ValueError: Invalid parameter when fiting gridsearchcv

This is my code

param_grid = [{'kneighborsclassifier__n_neighbors': [3, 4, 5, 6, 7]}, 
              {'svc__C': [0.1, 1, 10, 100], 'svc__gamma': [0.001, 0.01, 0.1, 1, 10]},
              {'randomforestclassifier__n_estimators': [50, 100, 200, 300 ,400]},
              {'decisiontreeclassifier__max_depth': [12, 25, 50, 75, 100]},
              {'adaboostclassifier__n_estimators': [50, 100, 200, 300 ,400]},
              {'baggingclassifier__n_estimators': [50, 100, 200, 300, 400]}
             ]

inner_cv = StratifiedShuffleSplit(test_size=.8, train_size=.2, n_splits=5, random_state=0)
outer_cv = StratifiedShuffleSplit(test_size=.8, train_size=.2, n_splits=5, random_state=0)

models = [knn, svc, forest, dtc, ada, bag]
model_names = ['knn', 'svc','forest', 'dtc', 'ada', 'bag']
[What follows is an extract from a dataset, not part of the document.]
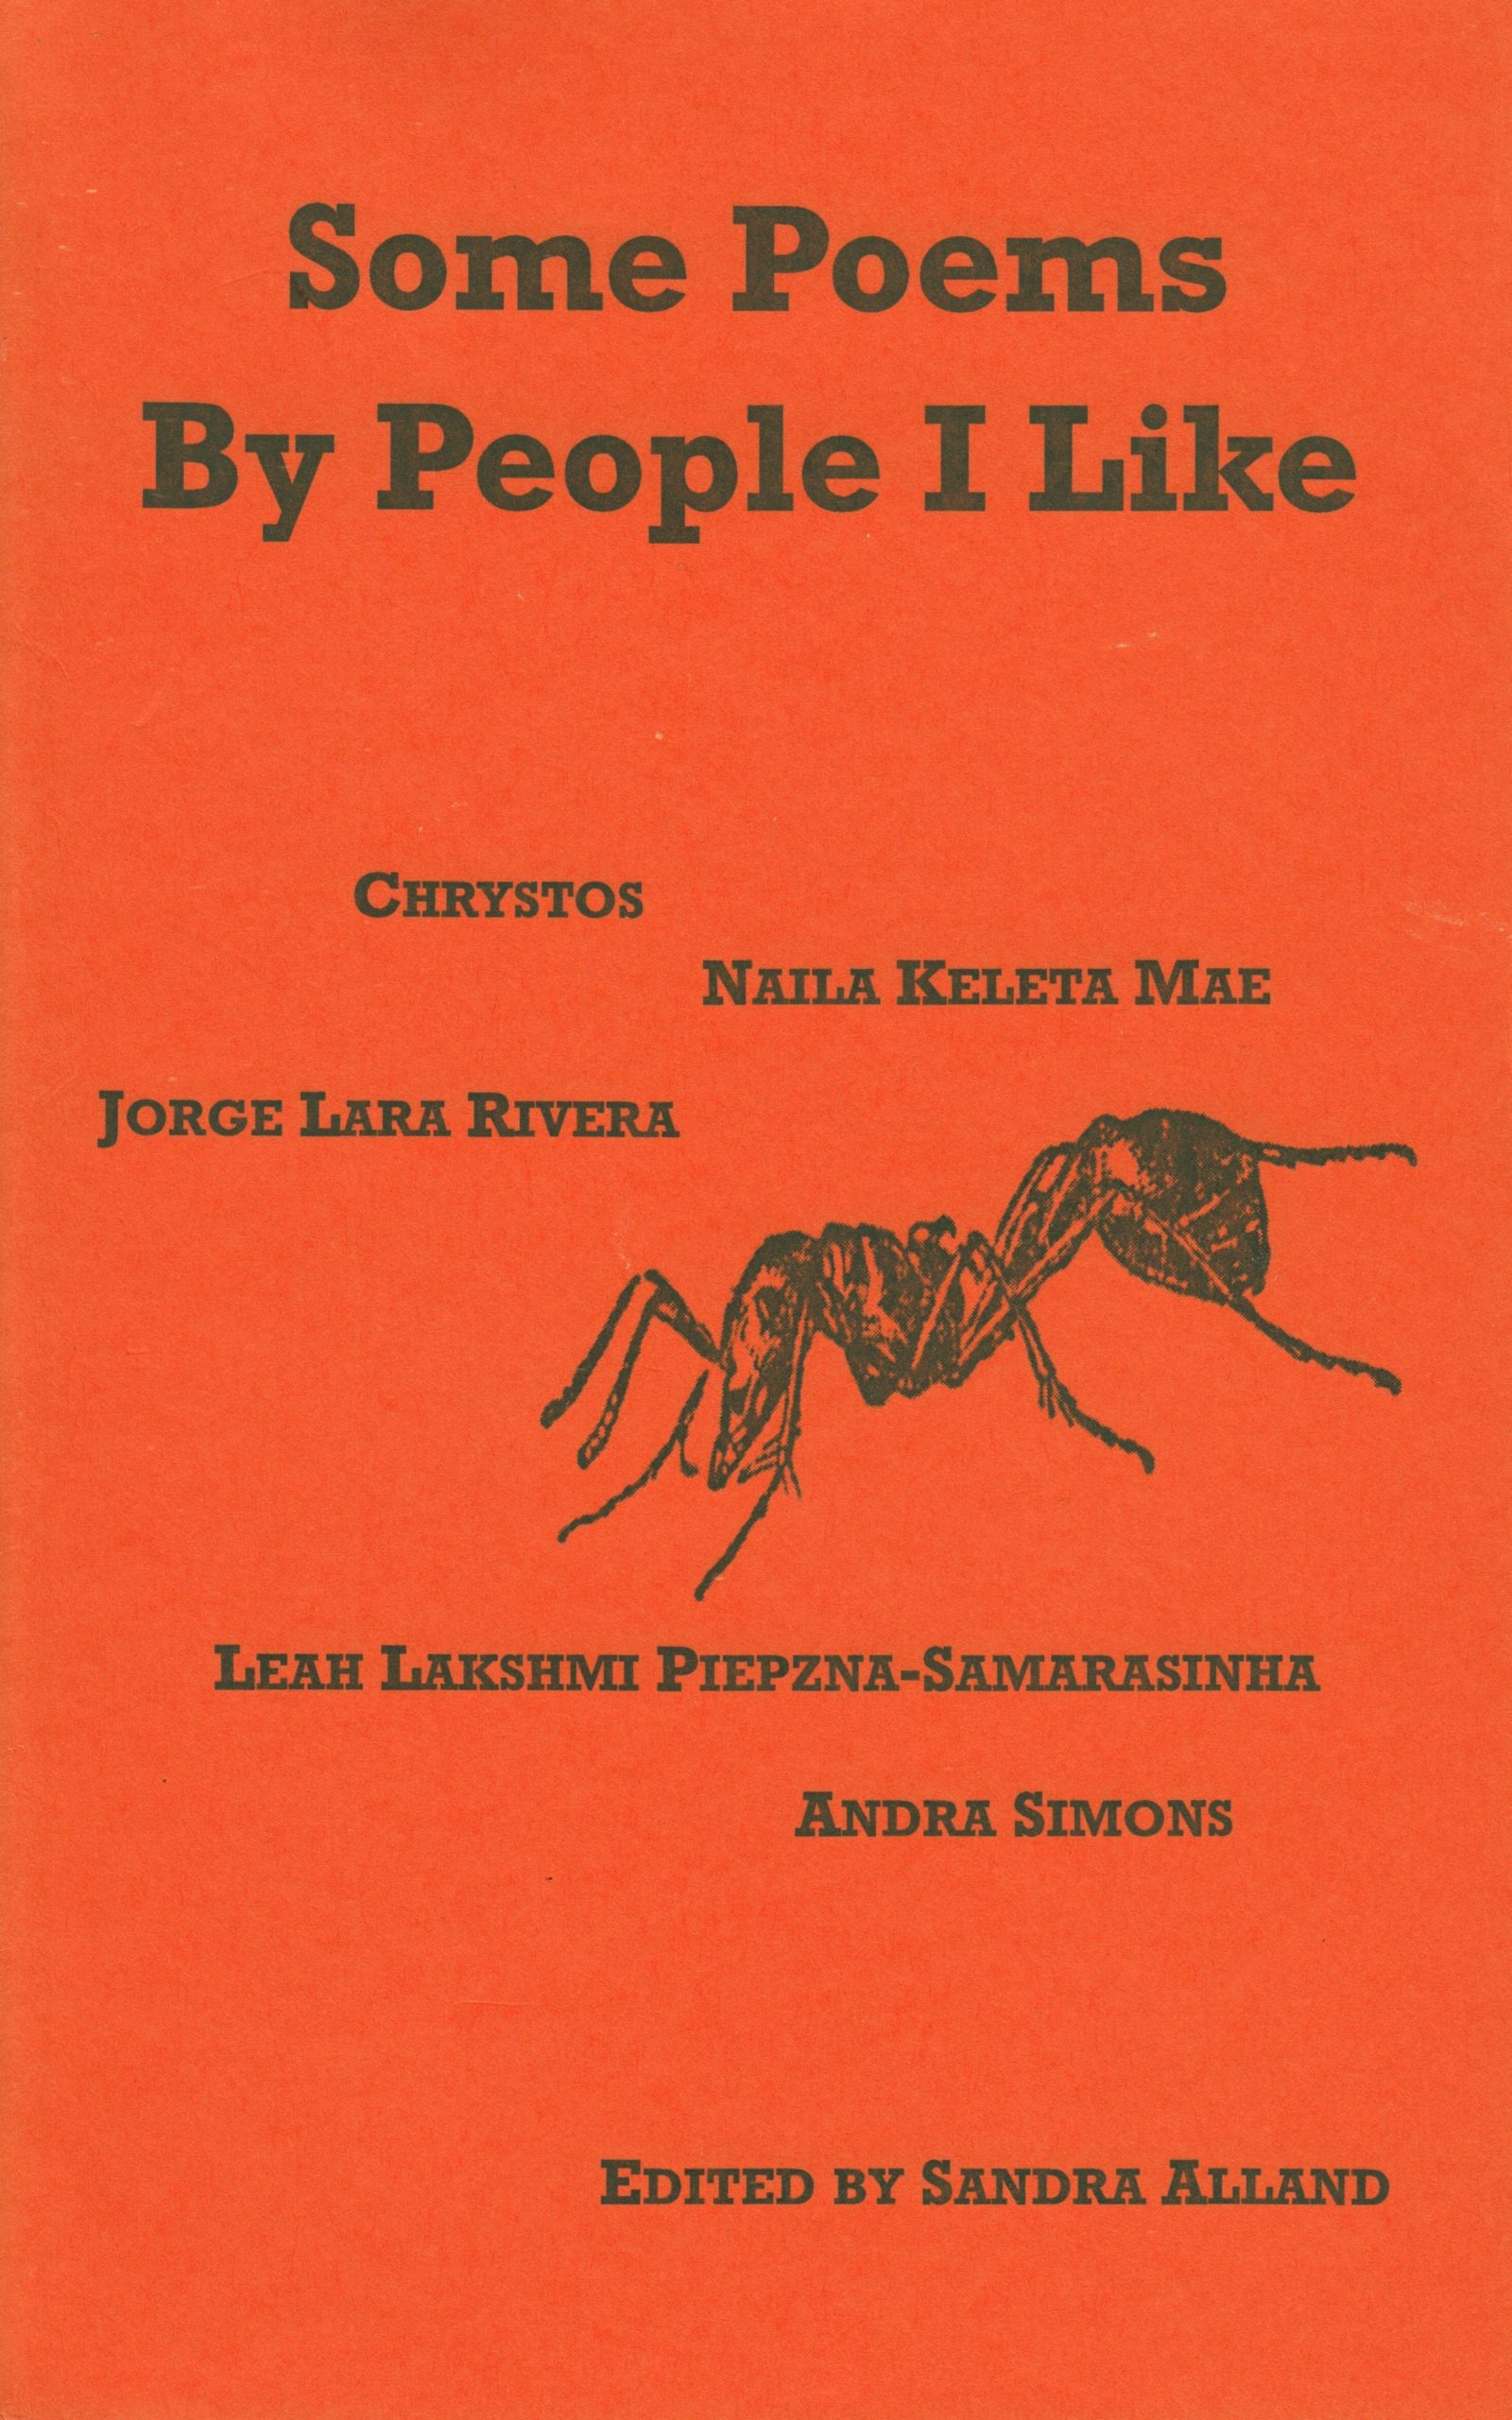 The cover of Some Poems by People I Like; edited by Sandra Alland. The cover is orange and features the book’s title above an encyclopedia’s illustration of an ant, all in black. Around the ant, the names of poets appear: Chrystos, Naila Keleta Mae, Jorge Lara Rivera, Leah Lakshmi Piepzna-Samarasinha, Andra Simons.

for m, mname in zip(models, model_names):
    pipe = make_pipeline(VarianceThreshold(threshold=1), 
                         MinMaxScaler(),
                         SelectKBest(f_classif, k=20),  
                         m)
    grid = GridSearchCV(pipe, param_grid=param_grid, cv=inner_cv)
    grid.fit(X_train_test, y_train_test)
    nested_score = cross_val_score(grid, X=X_train_test, y=y_train_test.values.ravel(), cv=outer_cv)
    print(mname)
    print(grid.best_params_)
    print(grid.best_score_)
    print('\n')

This is the error:

ValueError: Invalid parameter svc for estimator Pipeline(memory=None,
         steps=[('variancethreshold', VarianceThreshold(threshold=1)),
                ('minmaxscaler', MinMaxScaler(copy=True, feature_range=(0, 1))),
                ('selectkbest',
                 SelectKBest(k=20,
                             score_func=<function f_classif at 0x0000019E0A485AF8>)),
                ('kneighborsclassifier',
                 KNeighborsClassifier(algorithm='auto', leaf_size=30,
                                      metric='minkowski', metric_params=None,
                                      n_jobs=None, n_neighbors=5, p=2,
                                      weights='uniform'))],
         verbose=False). Check the list of available parameters with `estimator.get_params().keys()`.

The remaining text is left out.